During the Depression, Miller evolved to a new style of watercolor that sold well. They were made with a flat japanese brush with japanese pigments and paper, and strongly influenced by Yoshida Hiroshi and Kawase Hasui, two leading Japanese shinhanga artists. Internationalism marked Miller's life and art in the early 1930's. As a respected member of the American expatriate community with native knowledge of Japan, she was much in demand socially.

In 1935, Miller had surgery for a large cancerous tumor including a hysterectomy. In 1936, after Japanese radical officers assassinated several leading politicians, Miller and her mother (her father had passed away) moved to Honolulu. Miller no longer had the strength for printmaking, and returned to watercolors, usually working outdoors. She spent her final years traveling in the U.S. to promote her print sales and to visit friends. Another relocation to San Francisco may been due to larger access to commercial markets. The massive redwoods and cedars also reminded her of growing up in Nikko.

The attack on Pearl Harbor mobilized Miller to store her brushes and find a way that her knowledge of Japan and Japanese could be of service to her country.
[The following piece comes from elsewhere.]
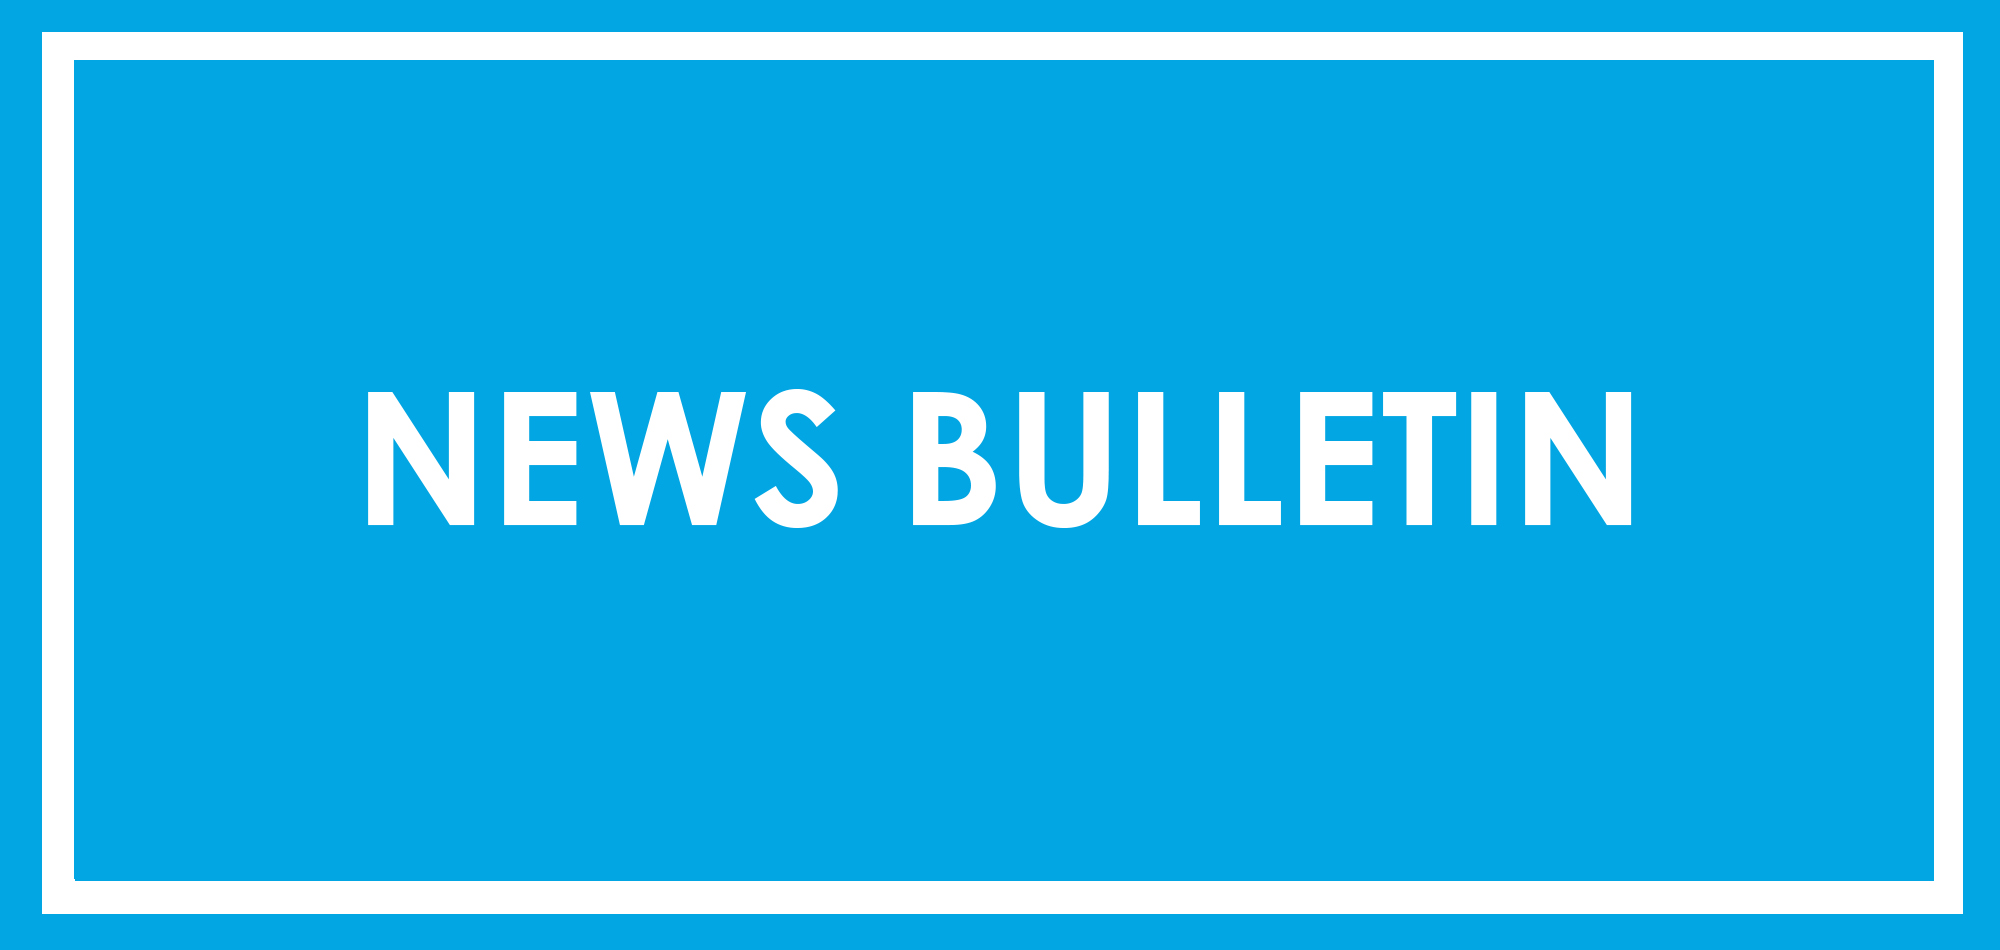 News Bulletin - 23.02.21

She signed on with a Naval counter propaganda branch as a Japanese Censor and Research Analyst. In 1942 another cancerous tumor was discovered. Lilian Miller died in 1943 at age 47.

Miller's knowledge of Japanese and its art world, her connections to the diplomatic community and her freedom in Japan from American traditional expectations of marriage and motherhood all contributed to her artistic success.